What drove the stock down?

The quarter started well as Aurubis once again increased guidance citing continued high metal prices as the main reason. Aurubis started underperforming in line with the sector as metal prices slid on demand concerns with the Chinese property market being a large contributing factor. Base metals and copper in particular continued to decline towards the end of the quarter due to growing concerns over a global economic slowdown on the back of rapid interest rate hikes across the world and China’s struggles with coronavirus.

So why hold? Its main smelting operations are among the most efficient in the world. Even if the price of copper continues to normalize, we could see treatment and recycling charges rise going into 2023. Furthermore, the company’s strong balance sheet means the company is among the best positioned for investors who are looking for exposure to materials.


During the quarter, we initiated a new position in IPSOS Sa (IPS FR). A leader in market research with a solid brand reputation, IPSOS focuses its expertise exclusively on survey-based research. It is ranked #2 worldwide in this area with a 7% market share. The survey research segment alone accounts for two- thirds of the global market research industry, with the rest consisting mostly of panel studies. It operates 5 segments: marketing, ads, media, opinion/social, and consumer satisfaction.

The company has been able to consistently grow faster than its peers thanks to its geographic mix and capacity to manage its services at a global scale. Indeed, 27% of its business is from emerging countries where competition is more local and demand for advertising research is growing twice as fast as developed markets. IPSOS also benefits from the trend toward surveys being done online. With 60% of its surveys being completed that way and the expectation that it will reach more than 70% in the near future, the company should be able to benefit from a margin standpoint.


Over the quarter, we also initiated positions in Menicon Co and Kurita Water Industries. We will profile these names in future commentaries.

During the quarter we exited Clipper Logistics Plc.


Global Alpha is once again travelling to conferences. The equity markets industry consensus coming out of COVID 19 is that live conferences are required by institutional investors. Therefore, we expect a mix of remote and live conferences to become the norm. We also expect an increasing amount of non-deal road shows by corporations to our offices. We however expect broker analyst live road shows to decline post COVID as banks and brokerage firms concentrate on remote interactions with their analysts. The team is also preparing reverse road shows where plants and corporate head offices become part of a travelling route.

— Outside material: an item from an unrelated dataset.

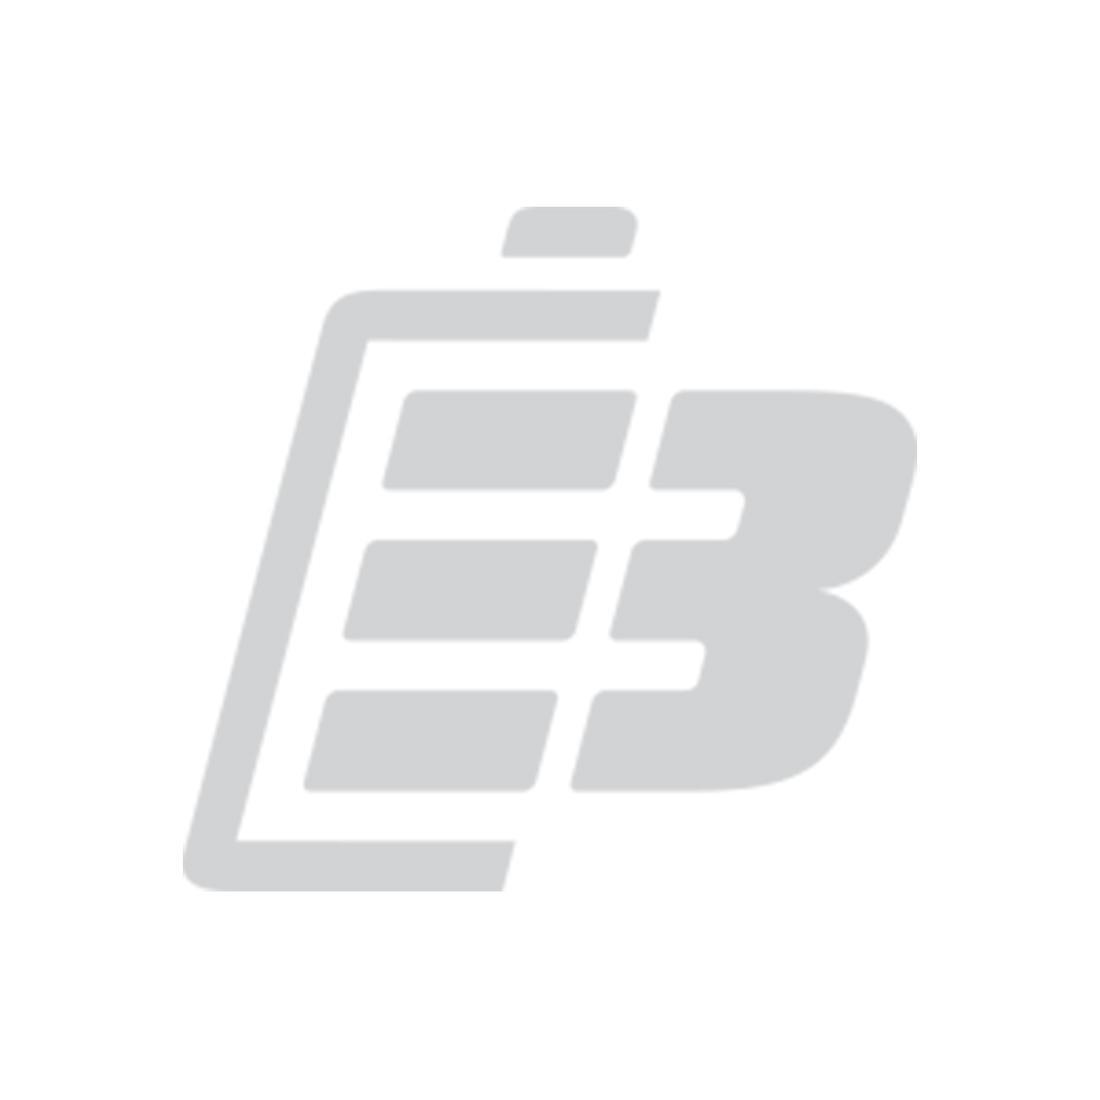 Μπαταρία βιντεοκάμερας JVC BN-V114_1

2022 continues to be filled with inflation and supply chain headlines. Many of our companies are affected and we continue to discuss with them the capacity to source material and implement price increases. Many of our companies have pass through contracts with their customers. The majority of our companies have strong balance sheet and are far from having any interest rate concerns.

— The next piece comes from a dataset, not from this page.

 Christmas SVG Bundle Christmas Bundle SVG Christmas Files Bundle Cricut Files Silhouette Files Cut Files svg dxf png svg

As a bottom-up fundamental manager, we do not make material sector or country adjustments to the portfolio as a result of these expectations and maintain a diversified list of holding companies with defensible business models and strong balance sheets that are trading at a discount to their intrinsic value. Our portfolio remains well diversified across the many countries, currencies and industries that compose our benchmarks.

The Global Alpha Team
Sub-Advisor to the Ninepoint International Small Cap Fund

1 All returns and fund details are a) based on Series F units; b) net of fees; c) annualized if period is greater than one year; d) as at June 30, 2022; e) annual returns are from 03/15/2018. The index is 100% MSCI EAFE Small Cap NR USD (CAD) and is computed by Ninepoint Partners LP based on publicly available index information.